The next time you face a new challenge, don’t just ask yourself, “What can I learn from this?” Ask yourself, “What do I need to unlearn?”

In his #1 Bestseller Good to Great, Jim Collins talks about having not just a “To Do” list, but also a “Stop Doing” list. The logic is pretty obvious. When we’re already busy (and who isn’t?) it’s not possible to keep adding new things to do without shedding some of the things we’re currently doing. Collins argues that we should be more deliberate about stopping those activities that are not the best use of our time and resources, rather than just letting things fall away by default.

This is easier said than done. Psychologists and coaches have long understood that when it comes to changing our behavior, most of us find it easier to add rather than subtract. Deciding to “eat more healthy food” is more likely to succeed than “eating less junk food”. We don’t let go of our habits easily.

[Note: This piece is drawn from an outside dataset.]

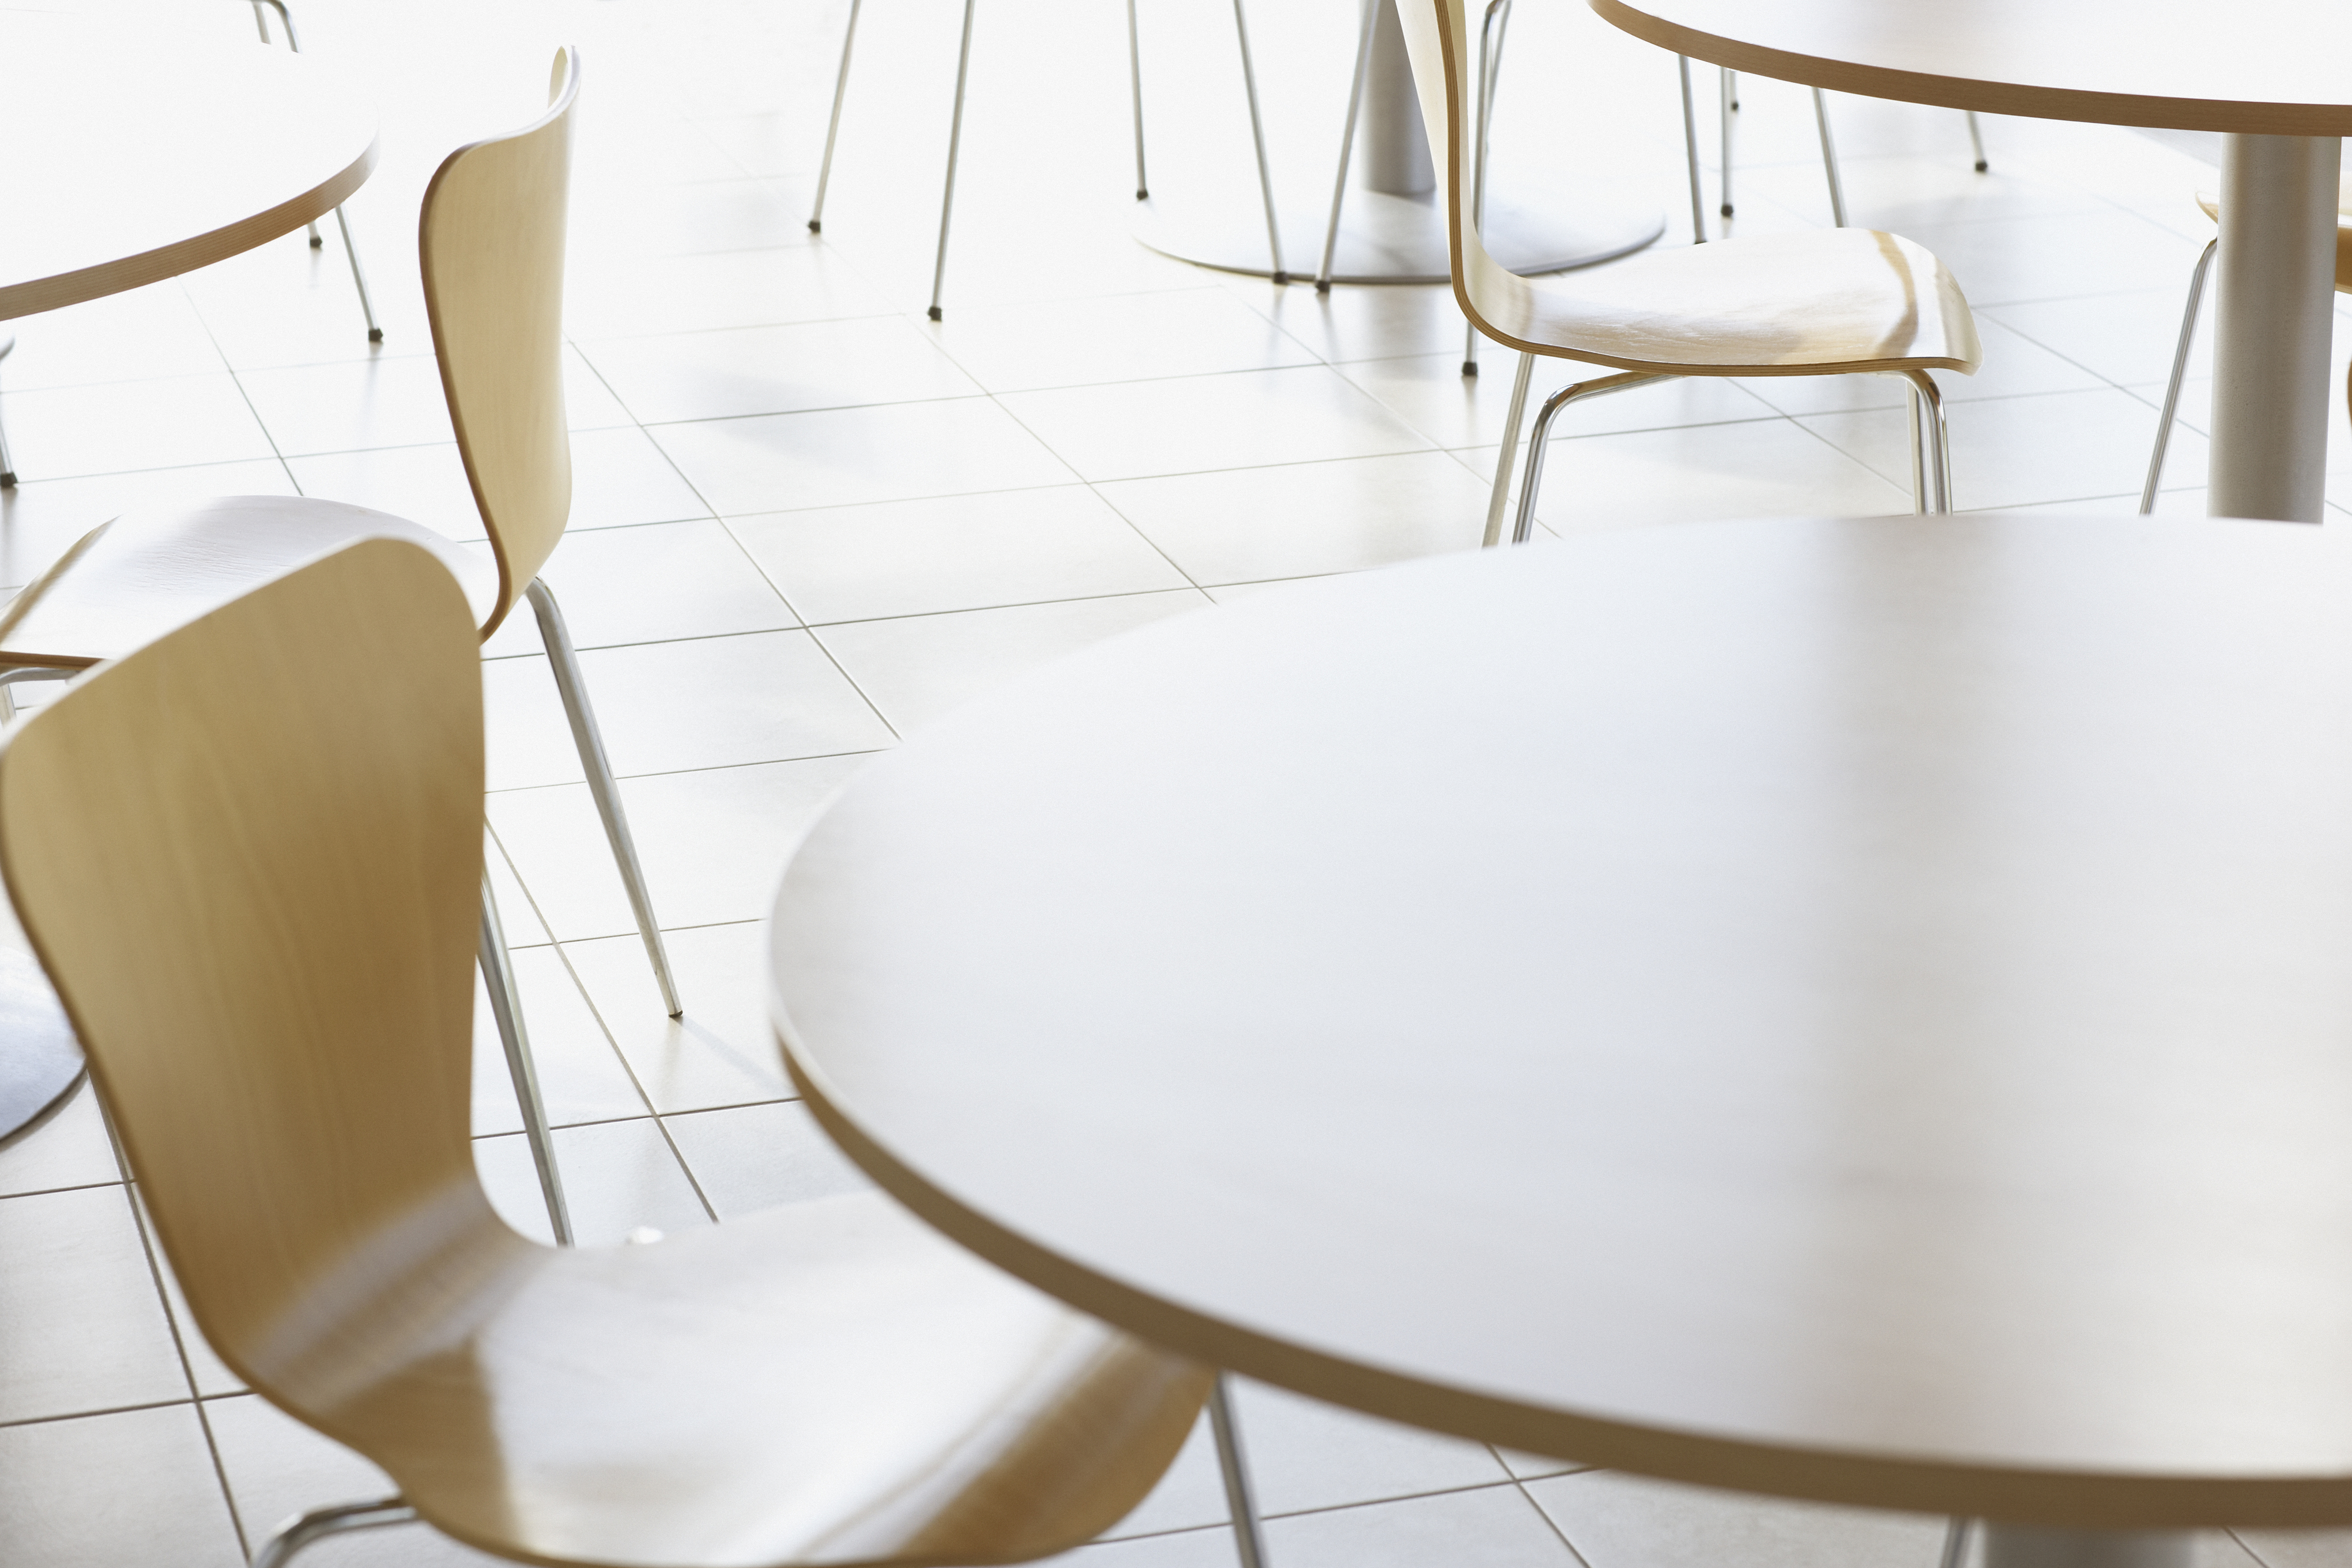 tables in an office canteen

The same is all-too-true of those things we have chosen to believe. We tend to see our personal knowledge as an accumulation of information that we add to over time. We rarely reverse that process—or see any need to. Once we have concluded that we have found the “truth”, we’re reluctant to question ourselves. That would mean facing the possibility that we have been wrong. So we resist, sometimes intensely.

Such an attitude is of course not very helpful when innovation is our objective. It’s also a perception that doesn’t reflect the true nature of knowledge. Despite the approach we’ve been immersed in all our lives, in school and at work, learning is not a cumulative process. Real learning requires constant reexamination and revision. It’s a process of not just acquiring information, but one of letting go of information that may have once been true (or at least useful) but isn’t anymore. I can’t remember when I first learned that the world was round. But I can say with confidence that whenever it happened, I wasn’t just adding to my knowledge about the world; I was rejecting my previous conclusion—based on personal observation—that it was flat.

Most of us have a hard time with this “letting go” part of learning. It requires considerable courage, humility, openness and mental flexibility. Our long ingrained attitudes about the nature of what we know are hard to overcome but when we do, we gain fresh understanding. In the original draft of this article, I wrote that such letting go, “…enables us to blow right by our peers and competitors who still cling to the previous paradigm,” but that’s misleading. Because when we realize that knowledge is not cumulative, suddenly no one is “ahead” or “behind” anyone else. We’re all simply pursuing insights and a good one can trump years of acquired knowledge.

Treating knowledge as something we accumulate can really slow things down. It leads us to dig in and defend our position rather than genuinely consider new possibilities. It’s unlearning that creates breakthroughs, by loosening the intellectual log jams that so often entangle us. Are you a skilled unlearner? Do you know how to bring everyone’s unexamined assumptions to the surface, so your team can have more productive and innovative discussions that get to the real heart of your challenges?

Learning new things is commendable but it’s the unlearning that’s most powerful.